#### [WORK REQUIRED]
Set out exactly, line by line, the stretch of data below that begins at the line containing "Tetap Humble Hustle" and ends at the line containing "Surfing the internet", with both ends kept.

#### [THE DATA]
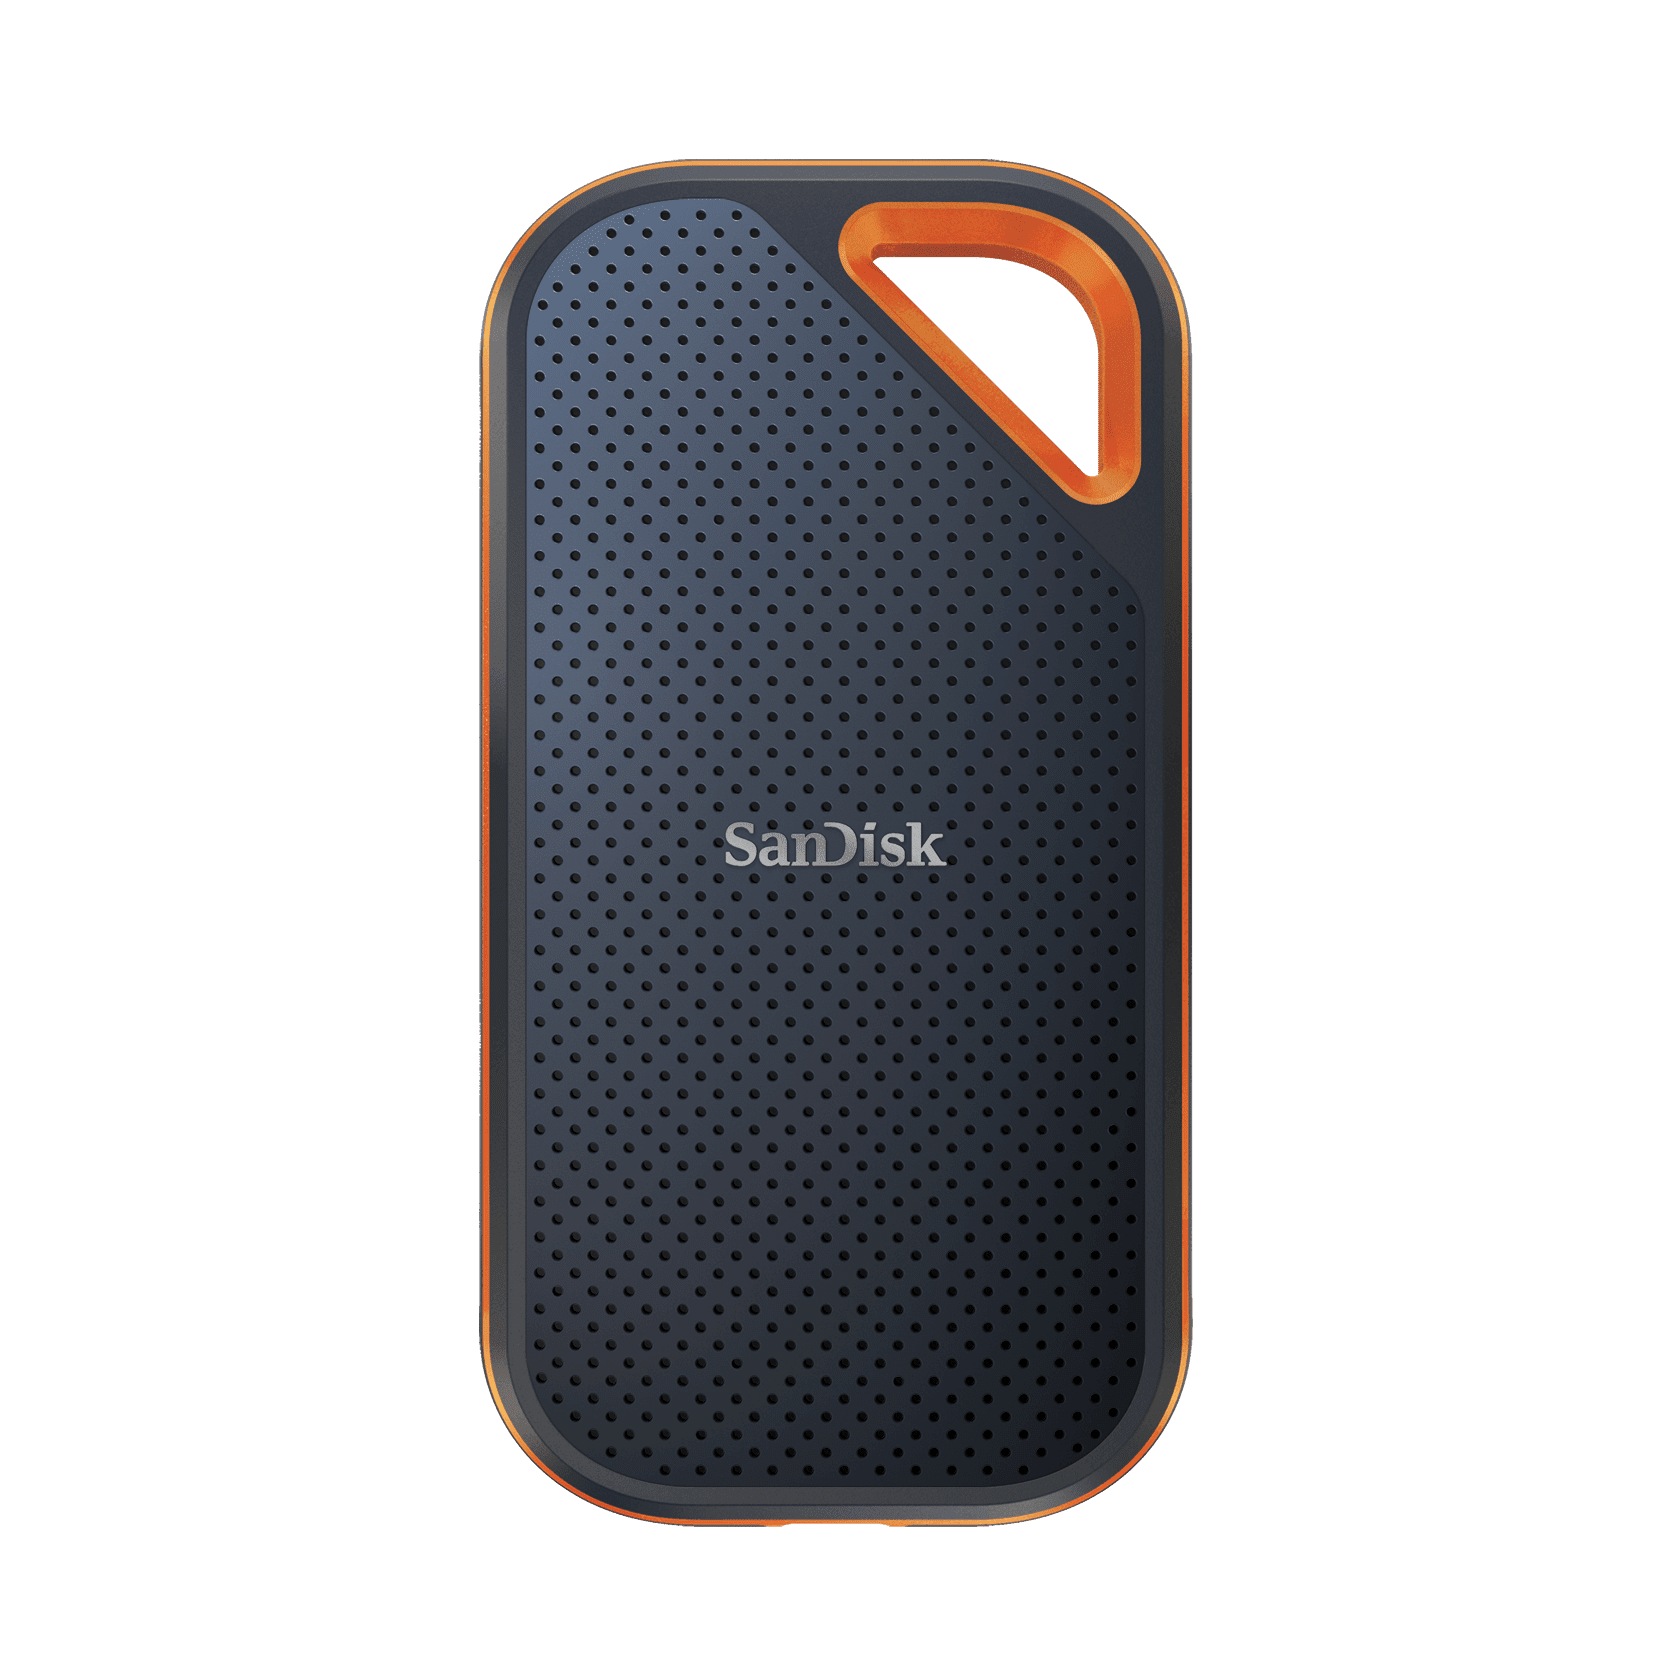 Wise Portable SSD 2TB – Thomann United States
--
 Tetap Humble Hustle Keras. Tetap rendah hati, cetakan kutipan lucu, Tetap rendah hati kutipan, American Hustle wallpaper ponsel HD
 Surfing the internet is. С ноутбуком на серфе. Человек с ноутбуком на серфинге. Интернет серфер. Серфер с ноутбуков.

#### [PROBLEM SOLUTION]
 Tetap Humble Hustle Keras. Tetap rendah hati, cetakan kutipan lucu, Tetap rendah hati kutipan, American Hustle wallpaper ponsel HD
 Surfing the internet is. С ноутбуком на серфе. Человек с ноутбуком на серфинге. Интернет серфер. Серфер с ноутбуков.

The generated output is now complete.